Base effect: US power projection and the danger of dispersion

• https://asiatimes.com, by Matt Heibel

Before the US and Israeli attacks against Iran and Iran's retaliation, you'd be excused if you didn't know that the US has a plethora of military bases in the Middle East – that have now been targeted by Tehran – and around the world. As it is highly topical, today we explore the history, rationale and breadth of the US military presence overseas.

Early history

Before the end of the 19th century, the US was largely isolationist and still heeding George Washington's warning not to become entangled in overseas wars. But, after it fought its own Civil War in the 1860s, finally uniting the country, and wiping out the Native Americans in the West in its quest for Manifest Destiny in the 1870s, the US started to become another expansionist power.
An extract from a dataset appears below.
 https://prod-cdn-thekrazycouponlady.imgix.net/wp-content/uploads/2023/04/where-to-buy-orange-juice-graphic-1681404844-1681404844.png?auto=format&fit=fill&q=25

Theodore Roosevelt, the 26th President, was one of the central figures in the story. He almost single-handedly started the Spanish-American War (1898) as a mere Assistant Secretary of the Navy, before resigning to become a Lt Col in the "Rough Riders," a voluntary cavalry unit he founded so he could fight in the war he helped start.
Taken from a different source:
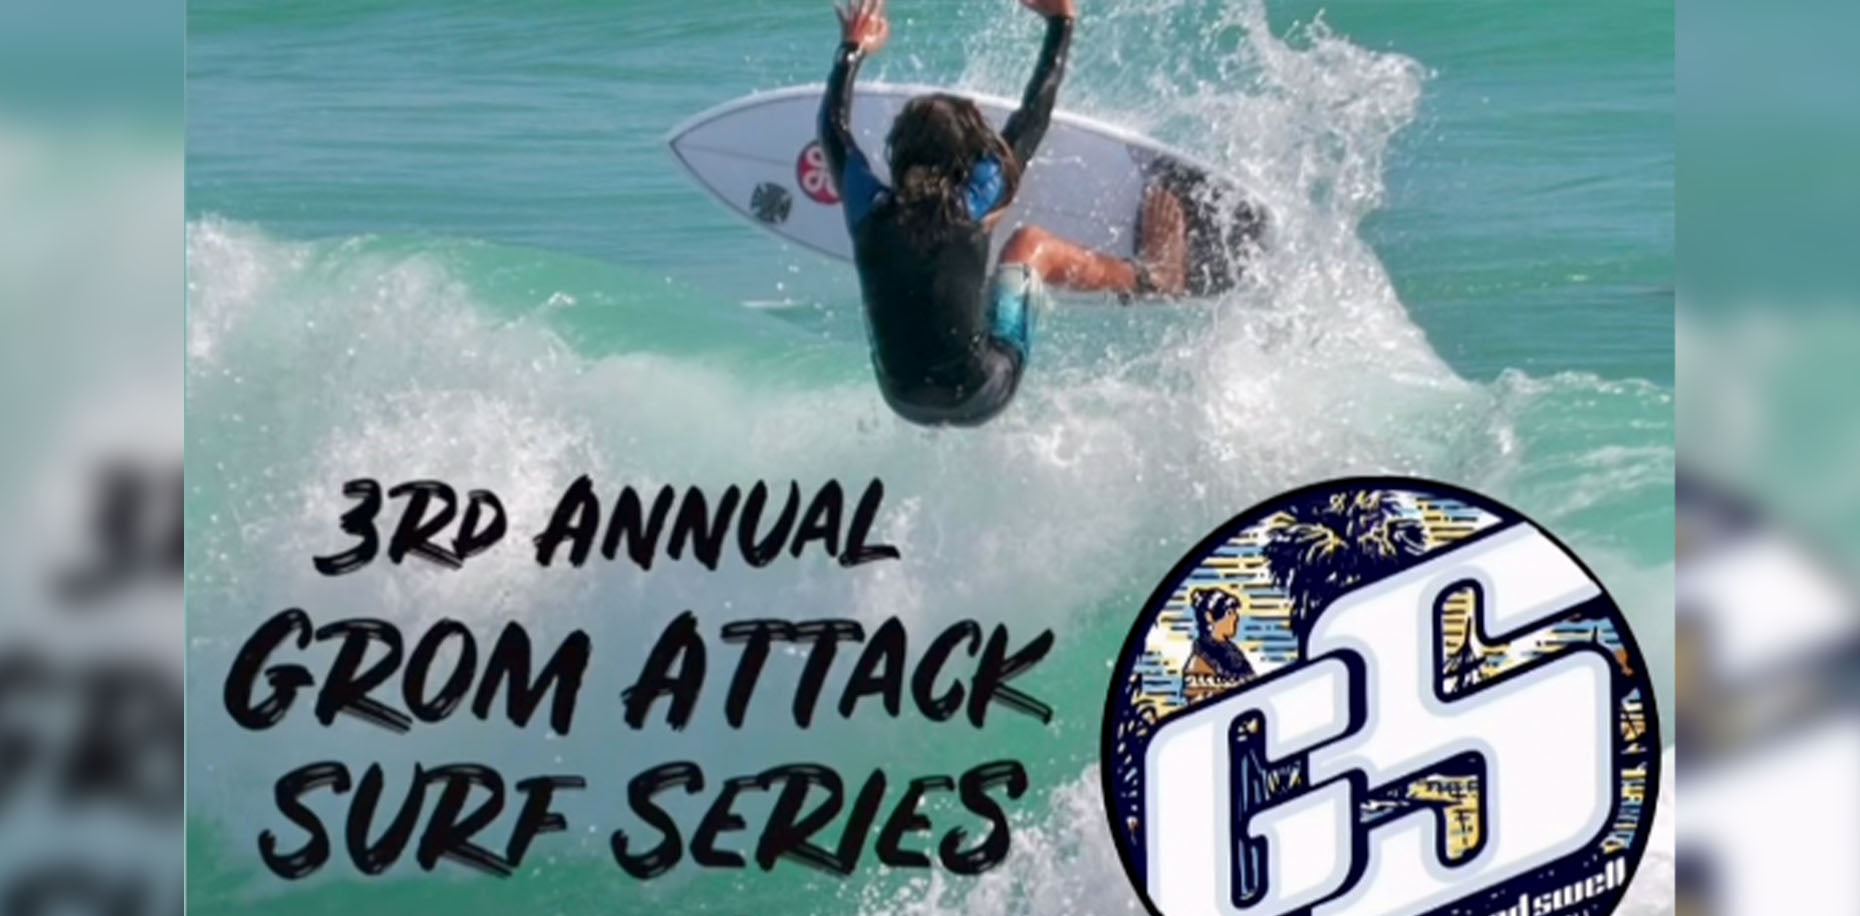 Grom Attack Surf Series: April 27-28th

The US quickly defeated the declining Spanish empire and got its first real taste of imperialism, with Spain ceding the territories of Guam, Puerto Rico and the Philippines. In addition, Cuba, another Spanish territory, was put under US occupation before independence in 1902, with the US holding onto a slice of the island that is its oldest and perhaps most continuous military base, Guantanamo Bay. It also established bases in Guam and the Philippines to protect its newly acquired territory.
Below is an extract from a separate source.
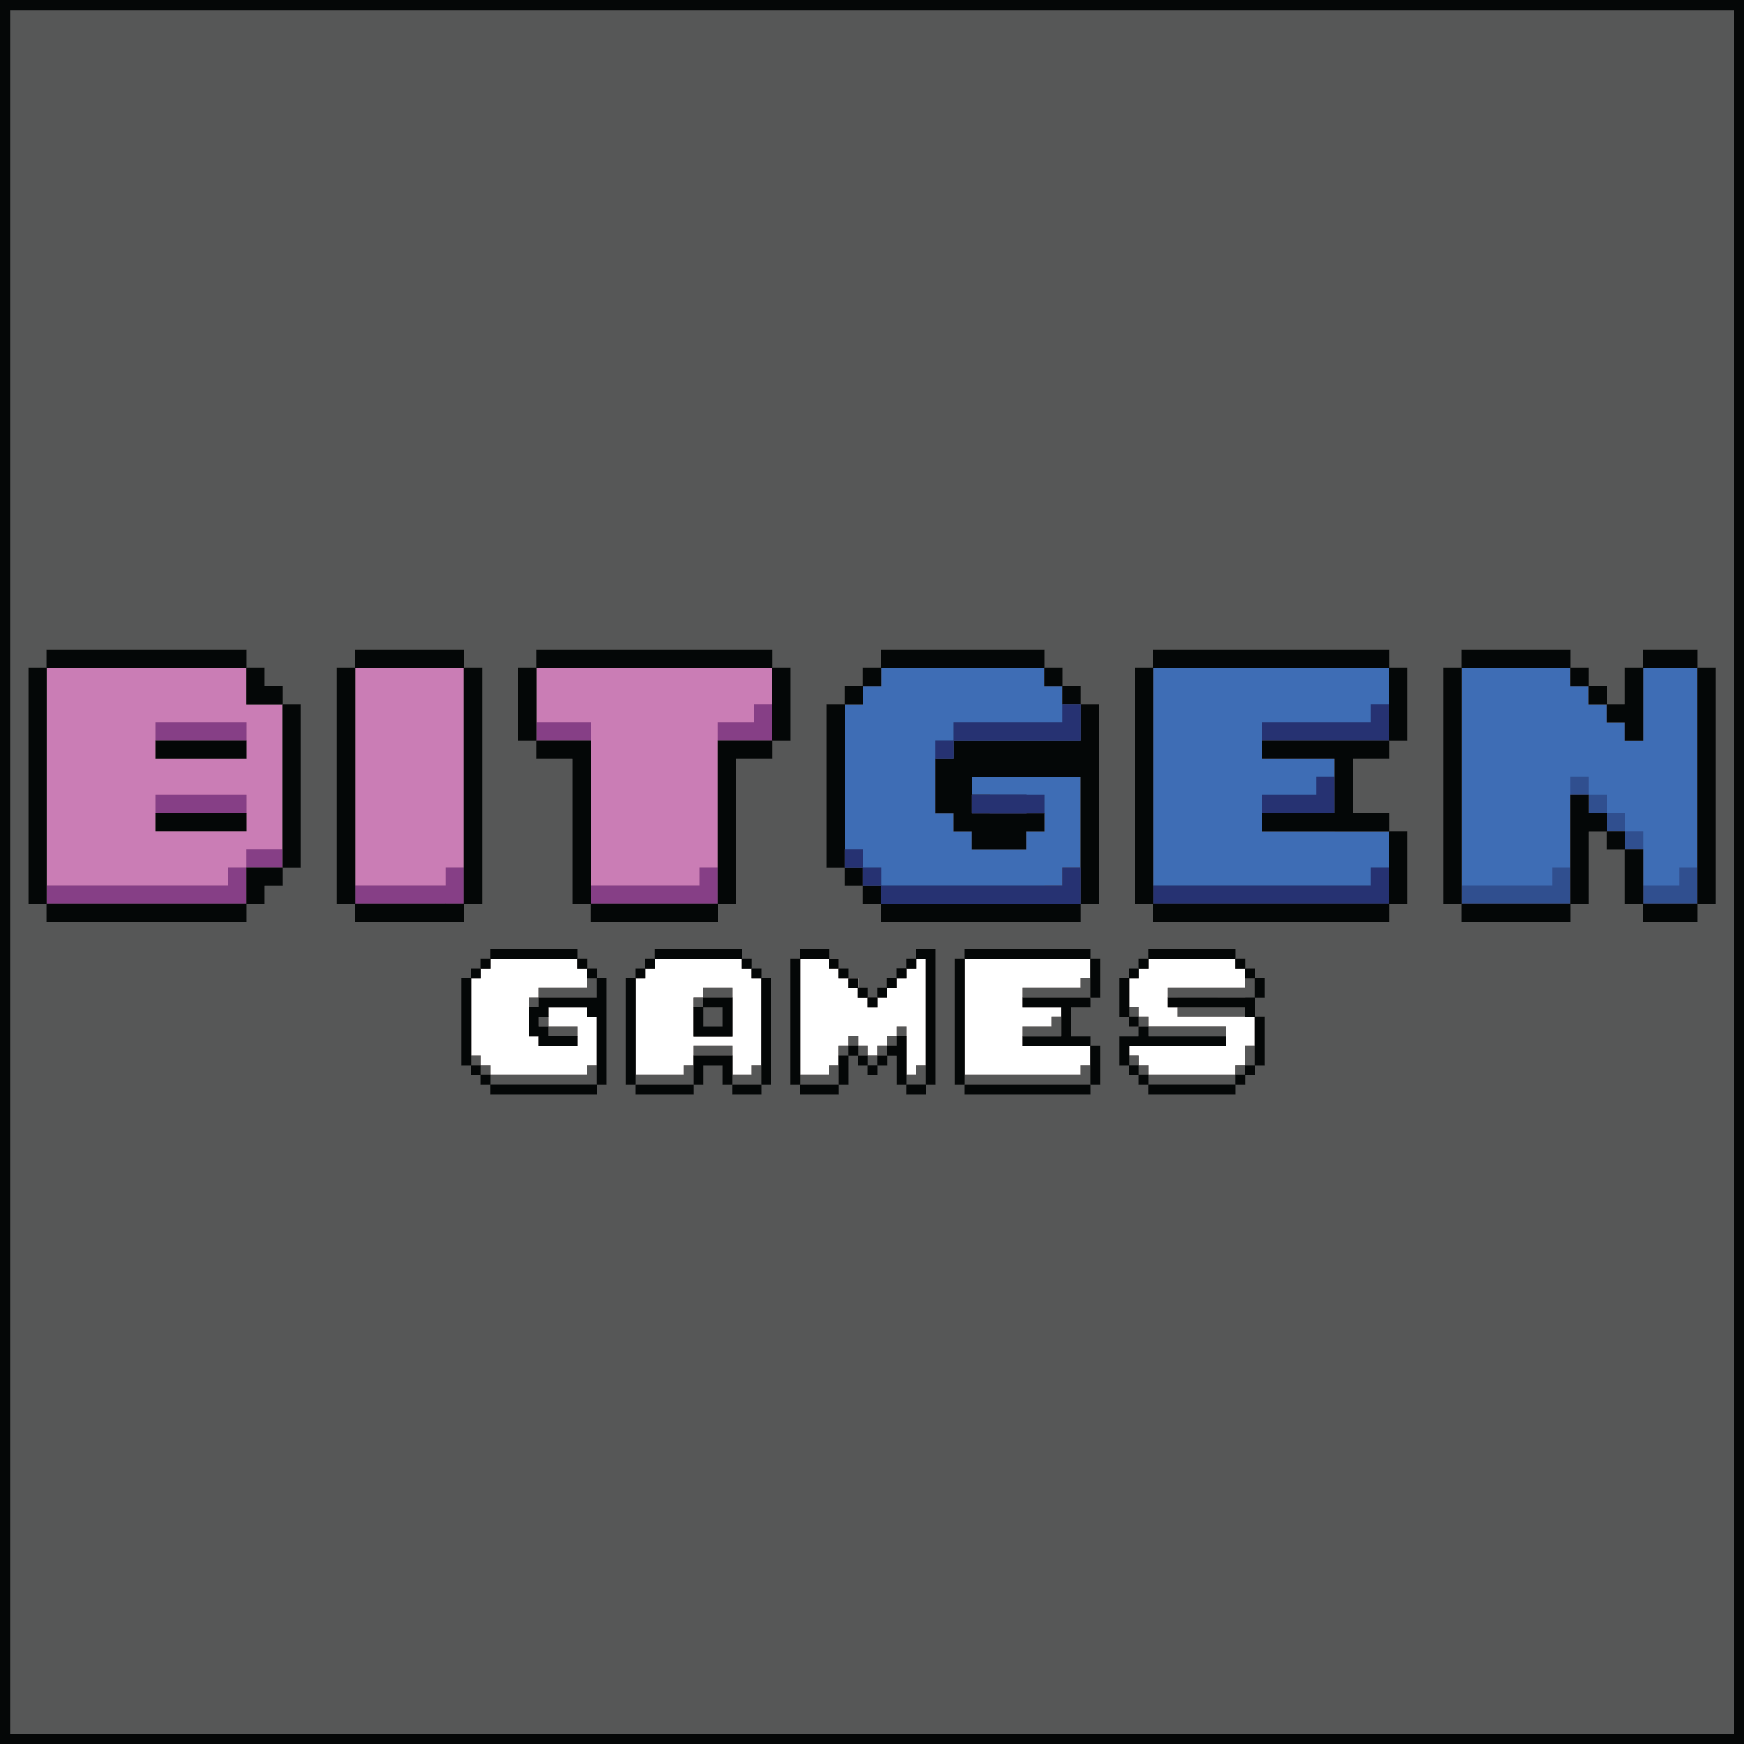 Founded in 2022 Bit Gen Games first got started developing their own NES games using NESmaker, the name BIT GEN GAMES is spawned from a one day yearly videogame festival in Baltimore in the summer called BIT GEN GAMERS FEST which features some of the best videogame themed musicians in the world. The BIT GEN GAMES team is composed of Mark Homayouni aka DJ Super Sonic; the main programmer, game designer, and sound engineer(chiptune), and John de Campos aka Ghostbat; the cover artist. Two official games have been released thus far in the span of BIT GEN GAMES lifetime, Dragon Master (a sides scrolling action platformer) where the goal is to rescue Princess Zorldo by using kung fu skills and defeating the evil dragons Dankey and Kang. BIT GEN GAMES second official release was Nosferatu's Revenge (side scrolling action platformer on Gameboy Color released in January of 2023). BIT GEN GAMES is currently developing its third game Fight City which is planned to be a two player action packed game with plenty of edginess commonly seen in classic beat em ups of the past. Come playtest some of our official released games and some games currently in development at Gotto Go Fest this year, and also maybe consider purchasing a game or two to support BIT GEN GAMES growth in the future of the videogame industry.

Despite entering the imperialist scramble, the US still mostly maintained its isolationist streak until the start of WWII. In 1940, with the British in desperate need of supplies, President Roosevelt (Franklin, not Teddy this time) negotiated the Destroyers-for-Bases agreement. In exchange for some old ships, the US gained 99-year leases of British bases in the Western hemisphere, including Newfoundland, Bermuda, the Bahamas, Jamaica, St. Lucia, Trinidad, Antigua and British Guiana (now known as Guyana).

Having a US military presence in the Caribbean ensured the US could protect the Panama Canal (vital to its West coast trade), its Eastern seaboard and the Mississippi River Delta at New Orleans, where vast quantities of goods from the US heartland were shipped abroad via the Gulf of Mexico.

In mid-1941, despite not having entered the war, the US also took over the British occupation of Iceland (with consent from Iceland) to monitor and combat Nazi forces in the North Atlantic.